Saturday, December 6, 2008

bunda, my guardian angel




just had a long freezing day, me and my sister decided to make the best out of it still tho :) we went out anyway. on the way home while waiting for the bus, came this little girl with her mother. i know she was freezing but somehow it didn't really matter as long as her mother was with her. she was smiling and laughing and had a good time knowing no matter what happens, her mother will always keep her warm. and just like that, i wish i was home. i wish i was with my mom.

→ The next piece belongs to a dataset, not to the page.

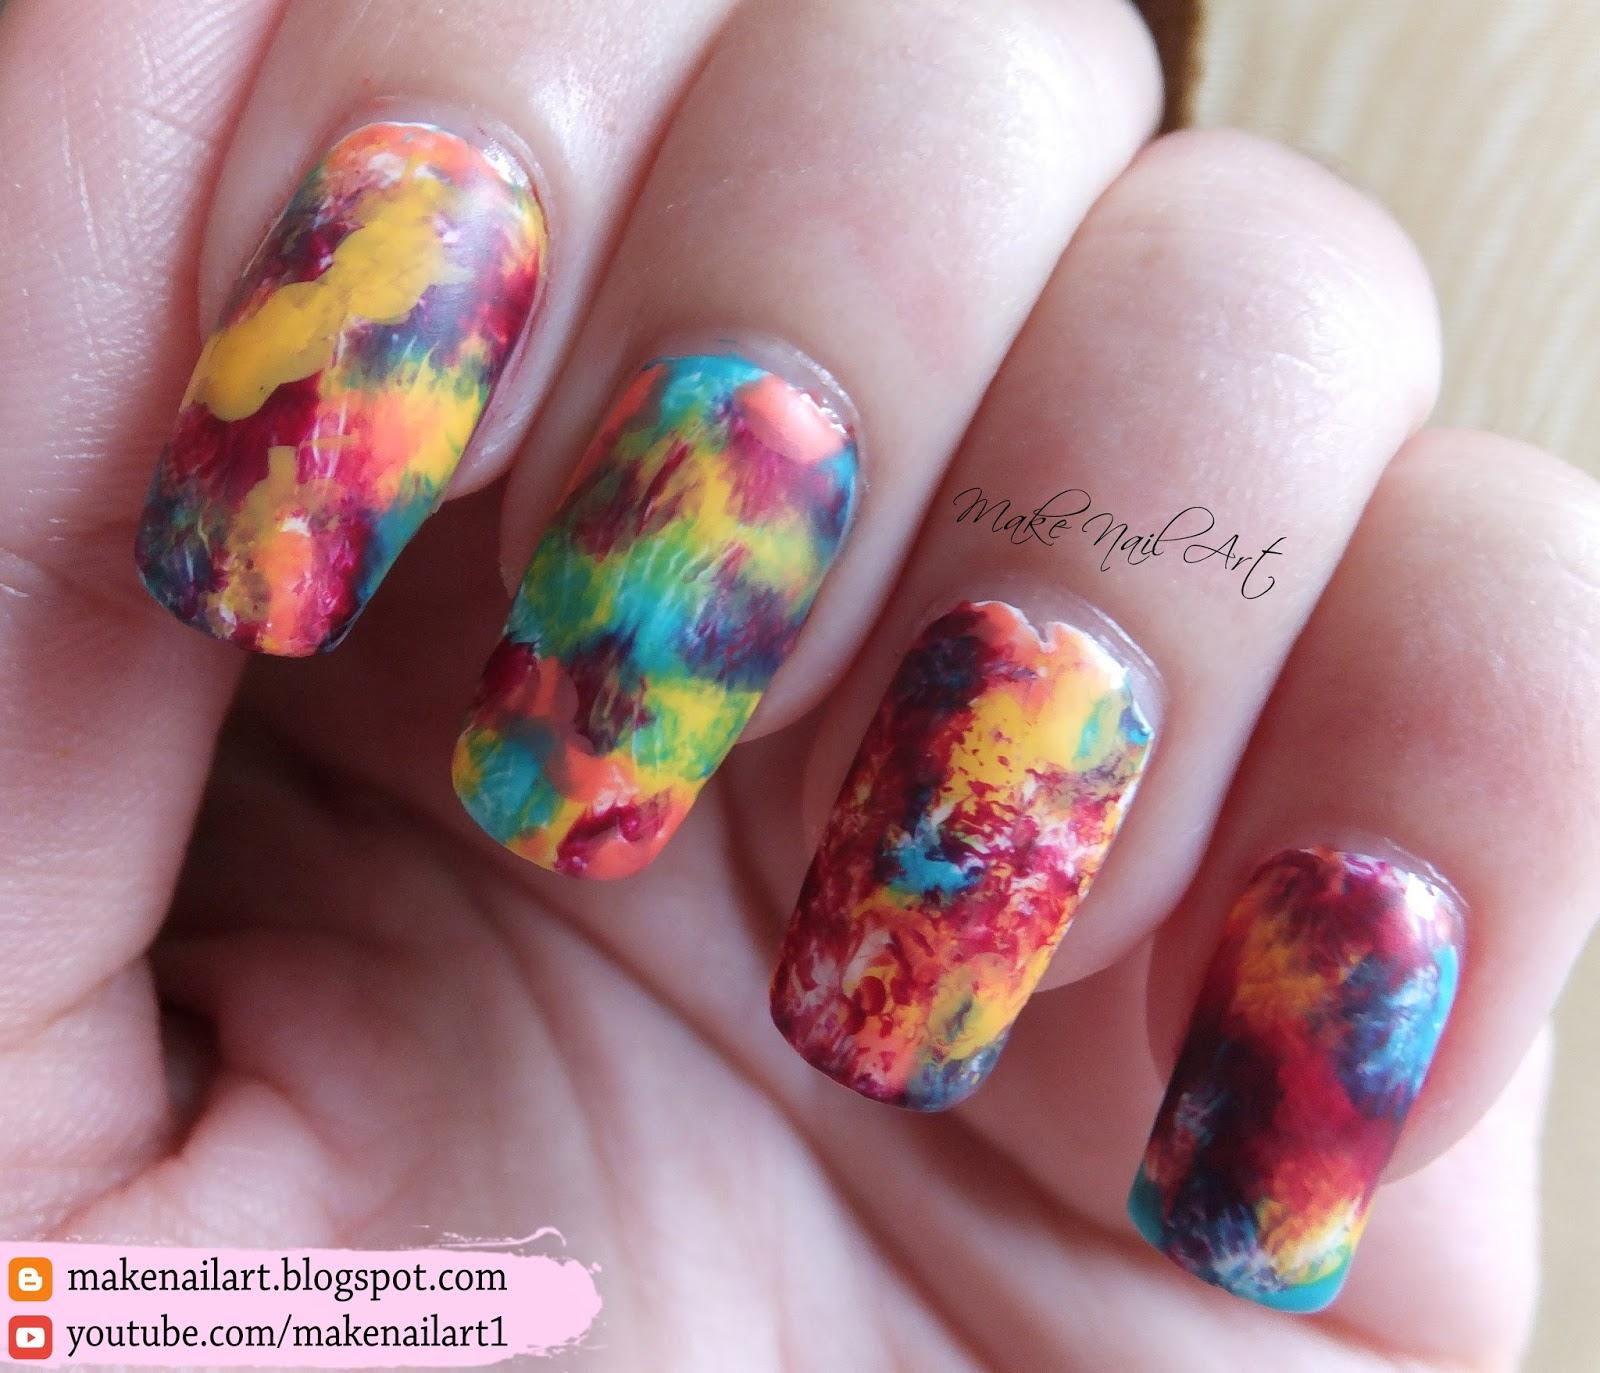 Make Nail Art: Easy Autumn Nail Art Design Tutorial

i miss her warm hugs. i miss the way she kisses my pain away. i miss the way she comfort me. i miss the way she throws away black clouds that cover the sunshine from shining through my window. i miss the way she hold me tight and tell me that everything is going to be okay. i miss the way she wishes to take all my pain away. i miss the way she does it.

she makes me realize that i am more than just a person. i am God's given for her. i am her most valuable treasure. she risked her life for getting me into the world. she was in that life and death situation when she introduced me to the world.

she loves me when i wasn't nice at her. she loves me when i smile. she loves me when i cry. she loves me when i make mistakes. she loves me when i repeat them. she loves me for being lazy. she loves me for being dumb. she loves me for being smart. she loves me for being her daughter. she loves me for who i am. she loves me no matter what.

she prays for my happiness when she herself hurts sometimes. she wishes me good health when she is ill. she smiles for me even if she feels like crying. she is strong for me when i am weak. she is the air that i breathe when i suffocate. she is the love that i have. she is the love that i share.

20 years already. i wish i knew her sooner than that.

now, im here in another country. another part of the world. im far away from her. what if she needs me? what if she needs shoulders to cry on? what if she needs to be comforted?

she told me that it was the hardest thing to see me go away for college. but then she said
'parents shouldn't be selfish to keep their children away from getting their dreams, and i'm going to be strong to stop myself from doing so'

if there is one thing that i can do right now, is to hold her tight and tell her that im okay. and that i miss her and love her and sorry for all the wrongs i've done. and that i'll be back home in no time :)

3 comments:

rara kinanti said...

your note teared me out. i miss my mom, and how i wish i can go home=(

m e t h a said...

i know ya ra. same here,
especially when its XMAS :(

StolenSummer said...

she makes me realize that i am more than just a person. i am God's given for her. i am her most valuable treasure. she risked her life for getting me into the world. she was in that life and death situation when she introduced me to the world.

dud, this whole paragraph is true. after all of my mom's sacrifices for me, i'm taking a semester off from my study accompanying her in situation when she's gonna need me most. i was being selfish re-thinking whether to do this or not. but last night i re-read her old diary (dedicated for me when i was 10 months old), and it made me realize that what ive done for her in my almost 21 years of life actually mean nothing compared to what she's given for me.

i'm thinking to buy her something for this year's mother's day. any thought?